O sr. director é também o redactor, o compositor, o informador, enfim, uma reportagem completa, revista e sempre apreciada. O lápis, o bloco nas mãos, e o chapéu a atrapalhá-lo a cada prezado conterrâneo com que se cruza... É que, não tarda, o jornal vai para as máquinas com um desinteressante naco do último discurso do Presidente do Conselho mais uma severa reprimenda aos varredores municipais, um alerta à Câmara, não se admite tanto desleixo nos nossos jardins públicos.

É claro, a crónica sobre as exéquias da Olivinha será um sucesso. Tão nova, tão gentil menina, levou-a a tísica, e depois um fartar de gente, nos turnos, às borlas, a fechar a urna e a guardar a sua chave. O nosso semanário não perdeu pitada, um nome sequer dos que ao velório acorreram, a enciclopédia toda das flores nas suas coroas amimando «aquele rosto sempre belo, ainda agora sorrindo». Sem dúvida, o jornal chegará aos leitores húmido das lágrimas dos «inconsoláveis pais da Olivinha». Mas a semana foi fraca em acidentes. O sr. director expressou-o bem, ficou muito sensibilizado com a visita à redacção daquele ricalhaço regressado do Brásiu. E não lhe escaparam quantas - que não foram muitas - famílias partiram em vilegiatura para o litoral ou para as termas. Calhou até de alguém ir veranear para a Cruz Quebrada, lá para as bandas de Lisboa.

Já o carnet dos aniversários não rendeu mais de um quarto de coluna... E nem um operário, um trolha, um bêbedo que fosse, ao menos a cair e a fracturar um dedinho, para acordar o hospital da sua modorra, ser notícia!

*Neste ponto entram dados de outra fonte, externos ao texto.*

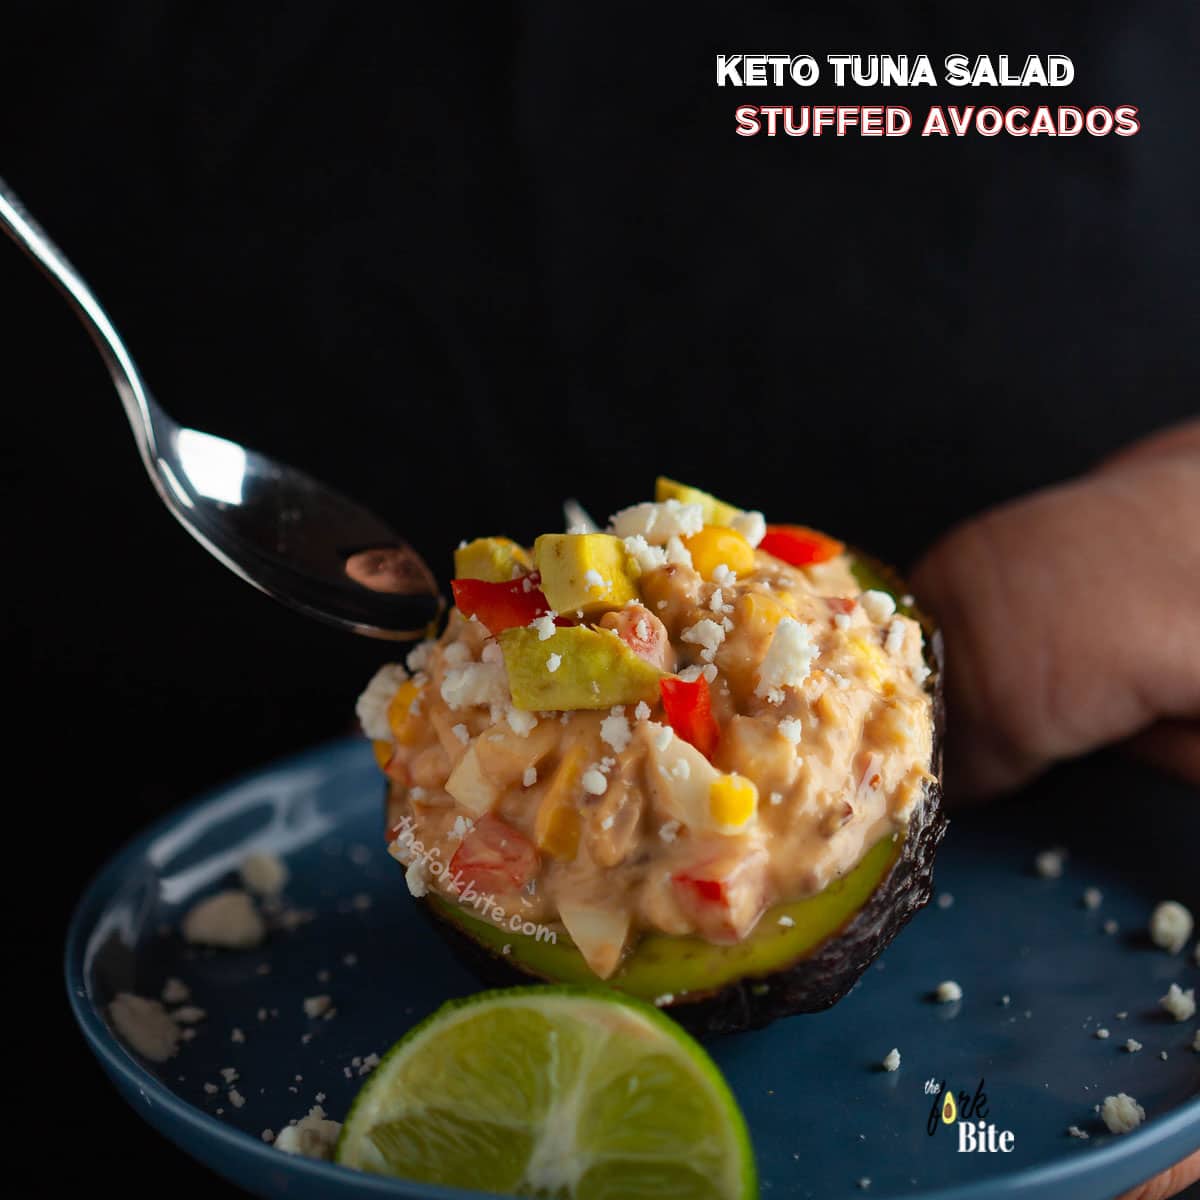 This keto tuna stuffed avocado recipe has been a life-saver. It ticks the right boxes for me because it satisfies my need for simple and basic ingredients.
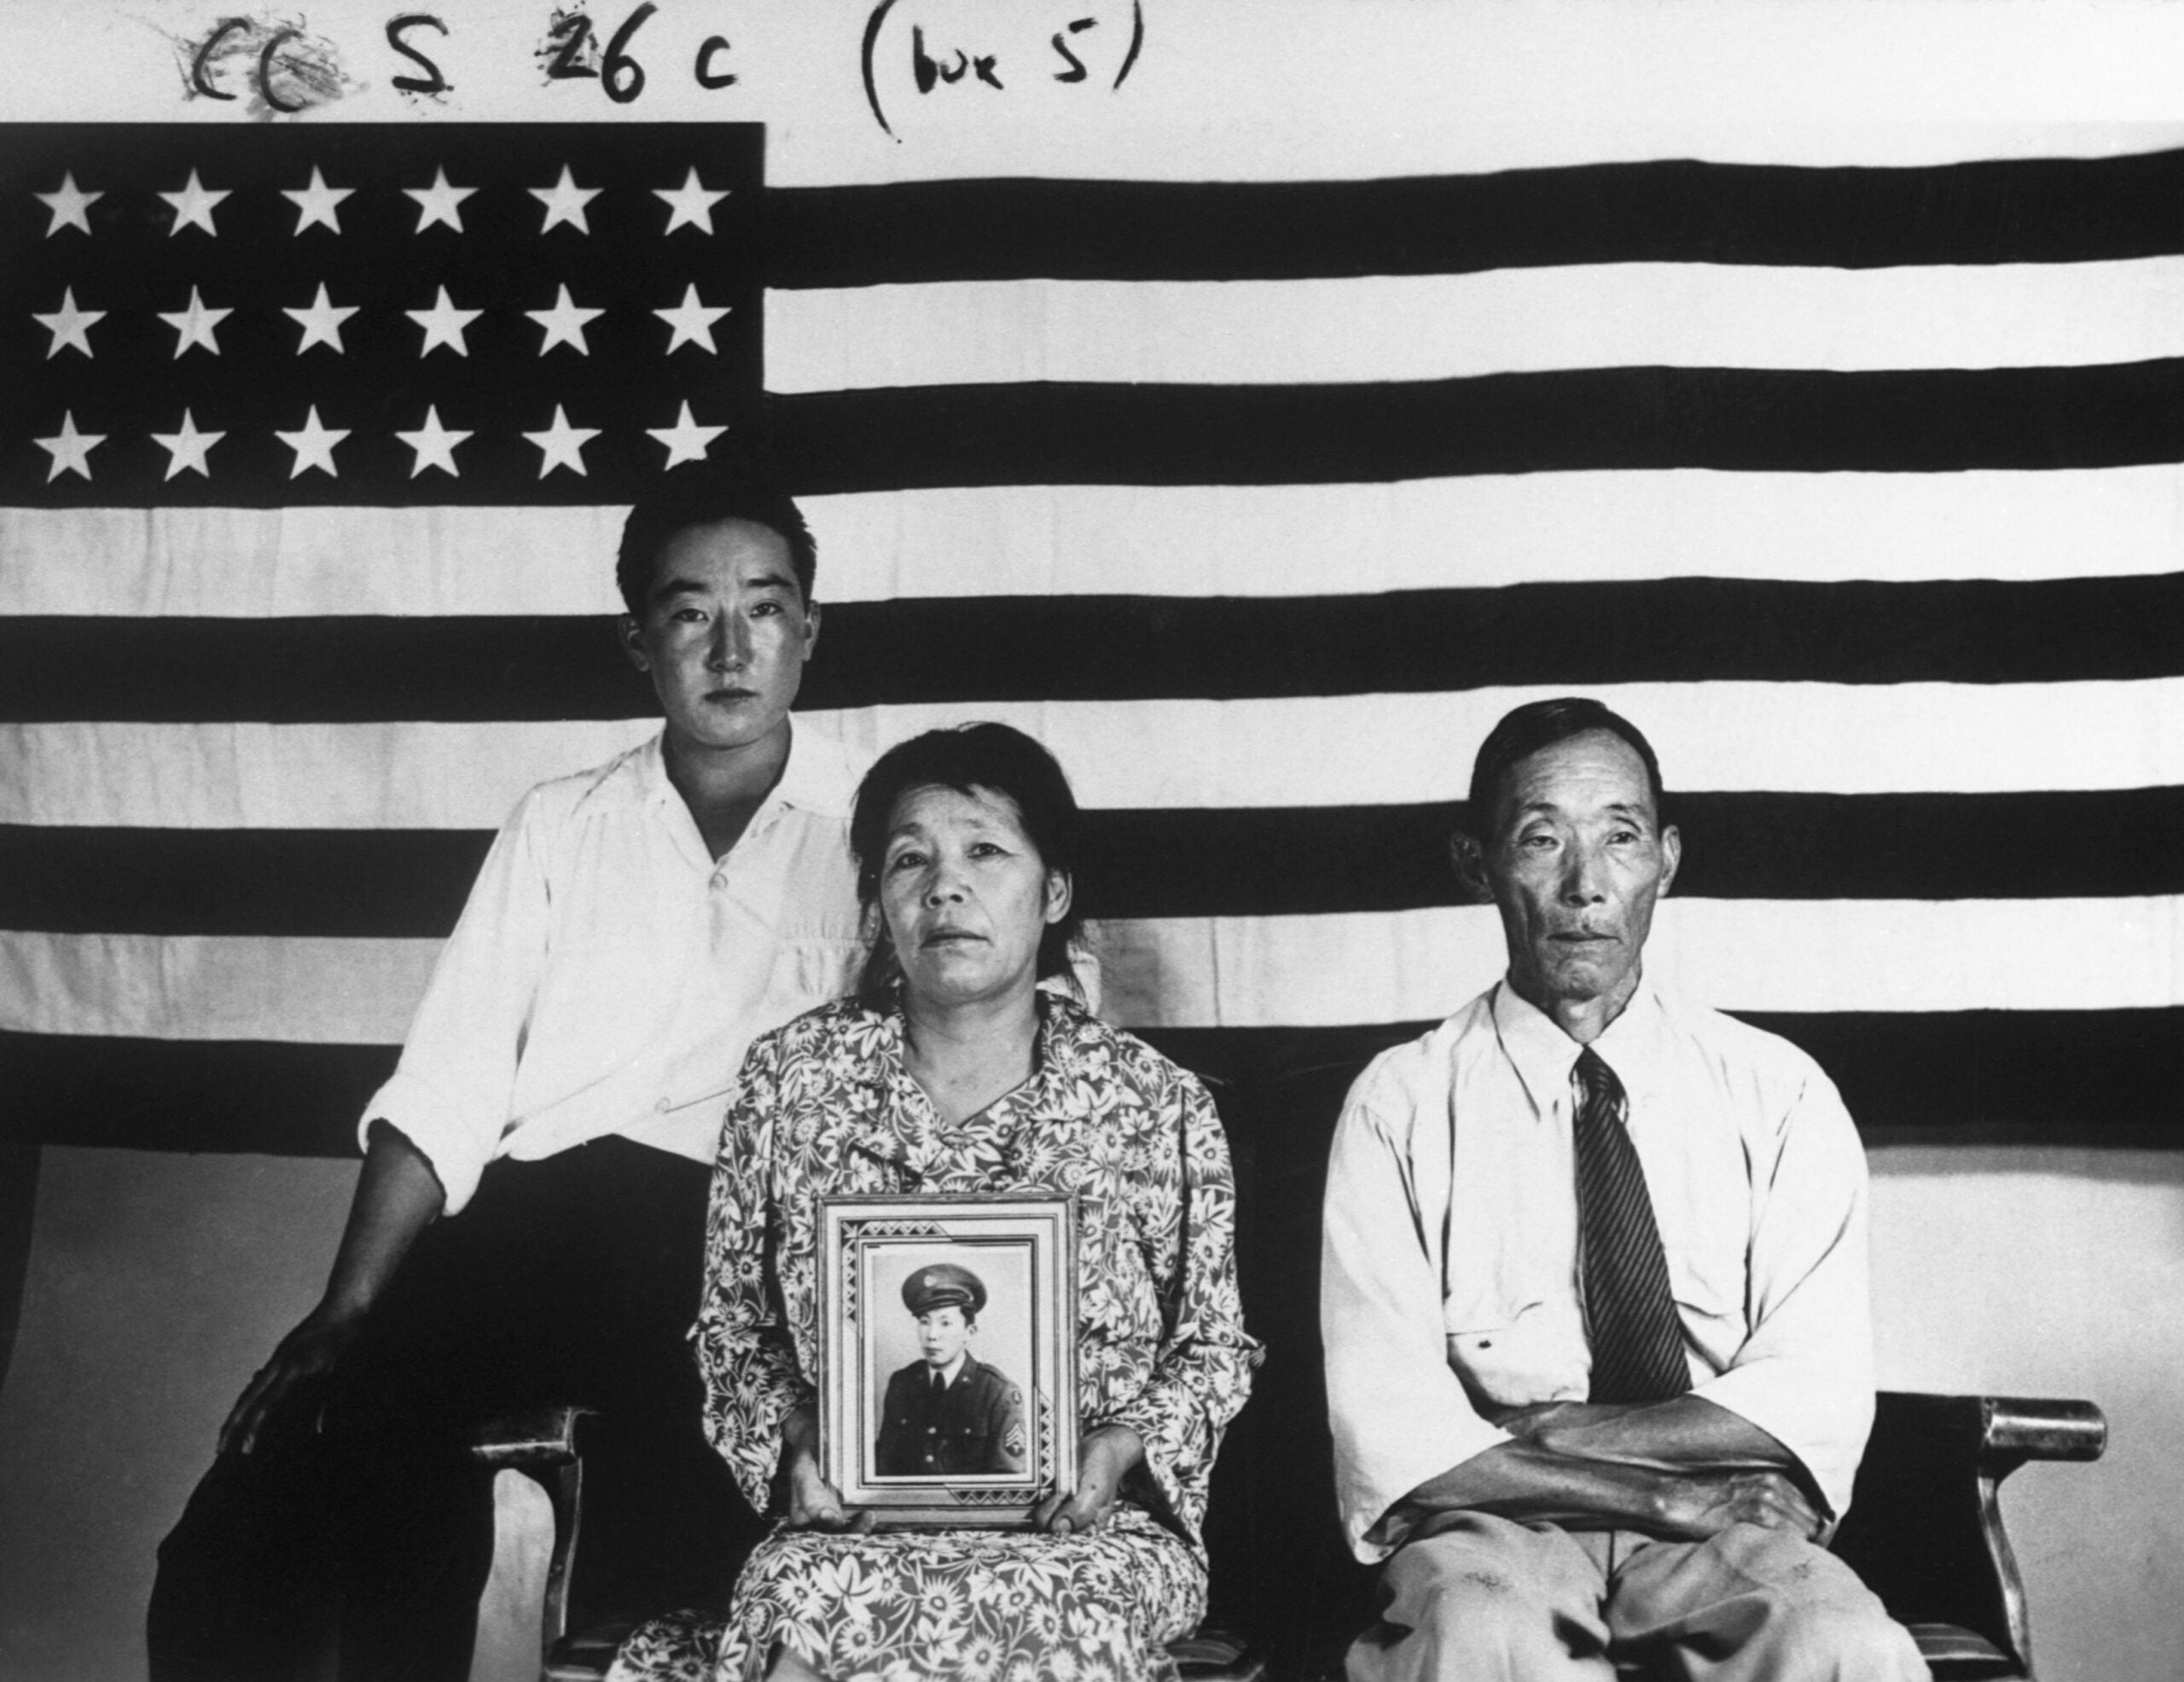 The unlawful detention of Asian Americans during World War II remains disturbingly relevant

O nosso jornal tudo se encarrega de saber e transmitir. Esta não é uma vila de segredos. Mas se nos próximos dois dias não morre mais alguém - se fosse para nascer ou casar já se sabia... - ou se no empedrado da rua não chiam os travões de um automóvel ou caminheta, nem badala a sineta do pronto-socorro dos bombeiros... Ai meu Deus!, aí vamos nós banquetearmo-nos com os paquetes oceano fora, ou com as delícias da confeitaria... em linóleo na última página do Arauto...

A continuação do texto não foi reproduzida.